Before writing any tests, read and understand the code under test:
If the input code has ambiguities (e.g., unclear return type, undocumented side effects), state your assumptions explicitly in a comment at the top of the test file rather than guessing silently.
Organize tests into logical groups. Each group becomes a test class. The grouping should reflect the structure of the code under test:
| Code Structure | Test Organization |
|---|---|
| Single function | One class per function, methods cover scenarios |
| Class with methods | One test class per method or per logical feature |
| Module with related functions | One test class per function or per feature group |
| Service with dependencies | One test class per operation, with shared fixtures |
For each unit, plan test cases across these categories:
"""Tests for <module_under_test>.
Assumptions (if any):
- <assumption about unclear behavior>
"""
from __future__ import annotations
import pytest
# Import mocking tools only when needed
# from unittest.mock import MagicMock, Mock, patch, PropertyMock
from <module> import <unit_under_test>
# ── Fixtures ──────────────────────────────────────────────────────────
@pytest.fixture
def <fixture_name>():
"""<What this fixture provides>."""
...
# ── <UnitUnderTest> ───────────────────────────────────────────────────
class TestUnitUnderTest:
"""Tests for <unit_under_test>."""
def test_<scenario_in_snake_case>(self):
"""
Given <precondition>,
When <action>,
Then <expected outcome>.
"""
# ── Given ──
...
# ── When ──
result = ...
# ── Then ──
assert ...
Name: test_<what_it_verifies> in snake_case. The name should describe the scenario,
not restate the implementation. Good: test_returns_empty_list_when_no_items_match.

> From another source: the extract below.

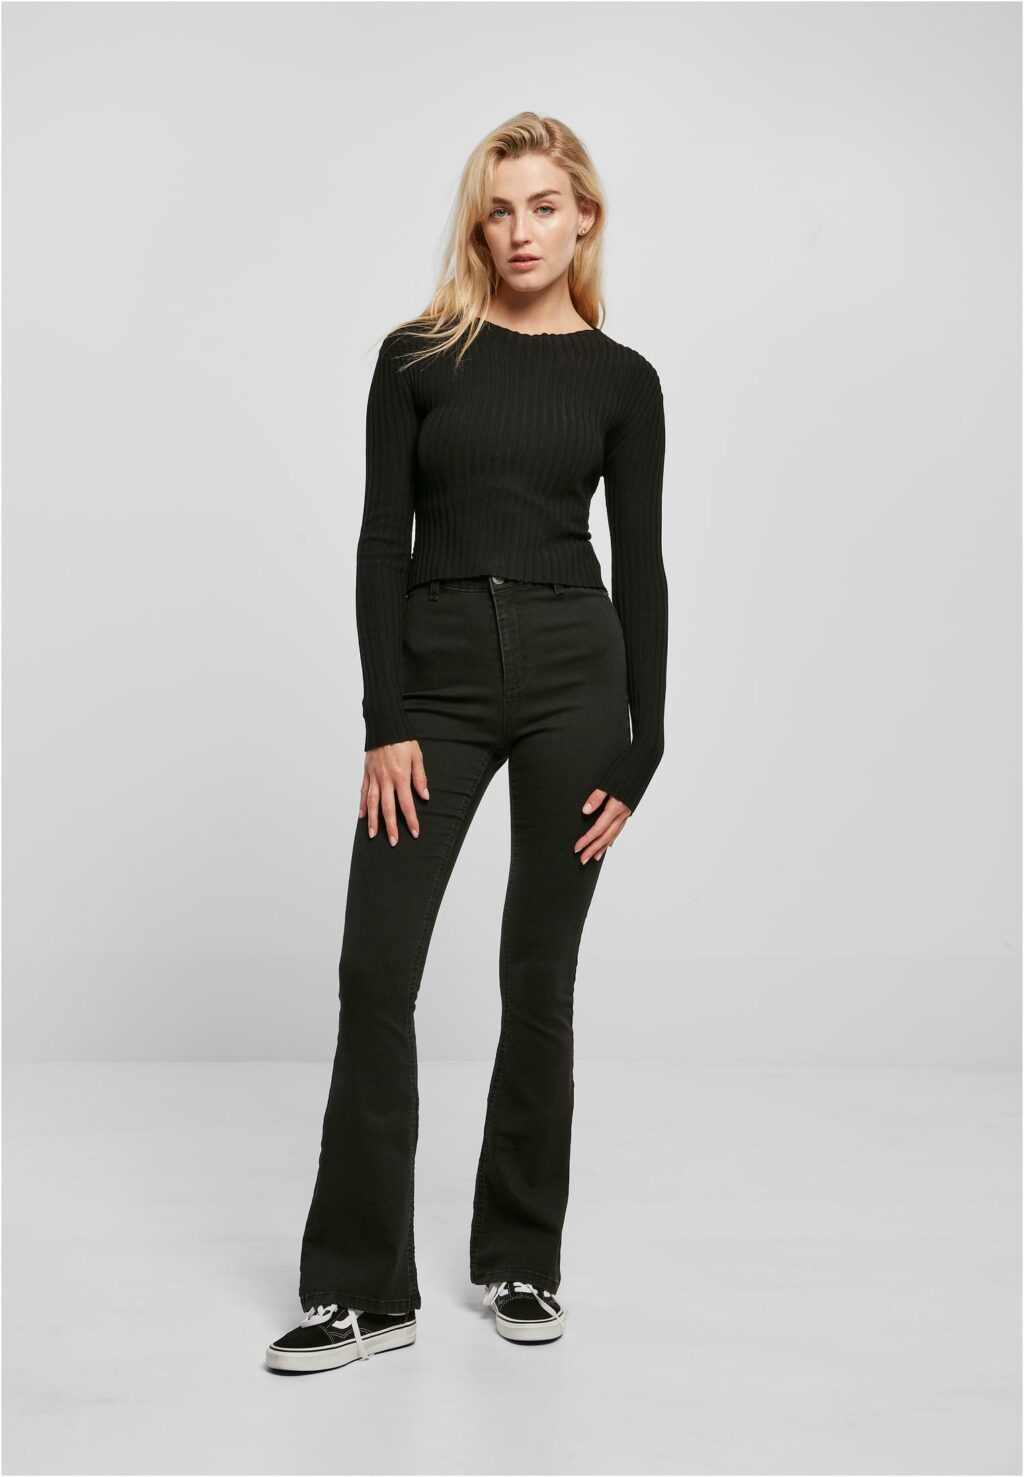 Urban Classics Ladies Short Rib Knit Twisted Back Sweater black TB5442

Bad: test_filter_1, test_it_works.
Docstring: Every test method has a one-line or multi-line docstring in GWT format:
"""
Given a user with admin privileges,
When they request the settings page,
Then they receive a 200 response with admin controls.
"""
Body structure: Use # ── Given ──, # ── When ──, # ── Then ── comment separators
to visually divide the three phases. This makes the structure scannable even without reading
the docstring.
One behavior per test: Each test verifies exactly one behavior. If you find yourself writing multiple unrelated assertions, split into separate tests. Multiple assertions about the same result are fine (e.g., checking both the status code and the response body).
No logic in tests: Tests should not contain conditionals, loops, or complex computation. If the test needs a computed expected value, extract it into a helper or a fixture.
Mock at the boundary of the unit under test, not deep inside:
unittest.mock: Use patch, MagicMock, and Mock from the standard library.
Reserve third-party mocking libraries for cases where unittest.mock is genuinely insufficient.# Code under test: myapp/service.py imports requests
# Correct:
@patch("myapp.service.requests.get")
# Wrong:
@patch("requests.get")
@pytest.fixture for reusable setup that multiple tests share.conftest.py, unless multiple test files genuinely share them.admin_user.
Bad: create_user_and_set_admin_flag.@pytest.fixture
def make_user():
def _make(name="Alice", role="viewer"):
return User(name=name, role=role)
return _make
Use @pytest.mark.parametrize when the same test logic applies to multiple inputs:
class TestCalculateDiscount:
"""Tests for calculate_discount()."""
@pytest.mark.parametrize(
("amount", "tier", "expected"),
[
(100.0, "bronze", 5.0),
(100.0, "silver", 10.0),
(100.0, "gold", 20.0),
(0.0, "gold", 0.0),
],
ids=["bronze-5%", "silver-10%", "gold-20%", "zero-amount"],
)
def test_applies_correct_discount_by_tier(self, amount, tier, expected):
"""
Given an order amount and a membership tier,
When the discount is calculated,
Then the correct percentage is applied.
"""
# ── Given ──
# (parameters provide the given context)
# ── When ──
result = calculate_discount(amount, tier)
# ── Then ──
assert result == expected
Use ids to give each parameter set a human-readable name in test output.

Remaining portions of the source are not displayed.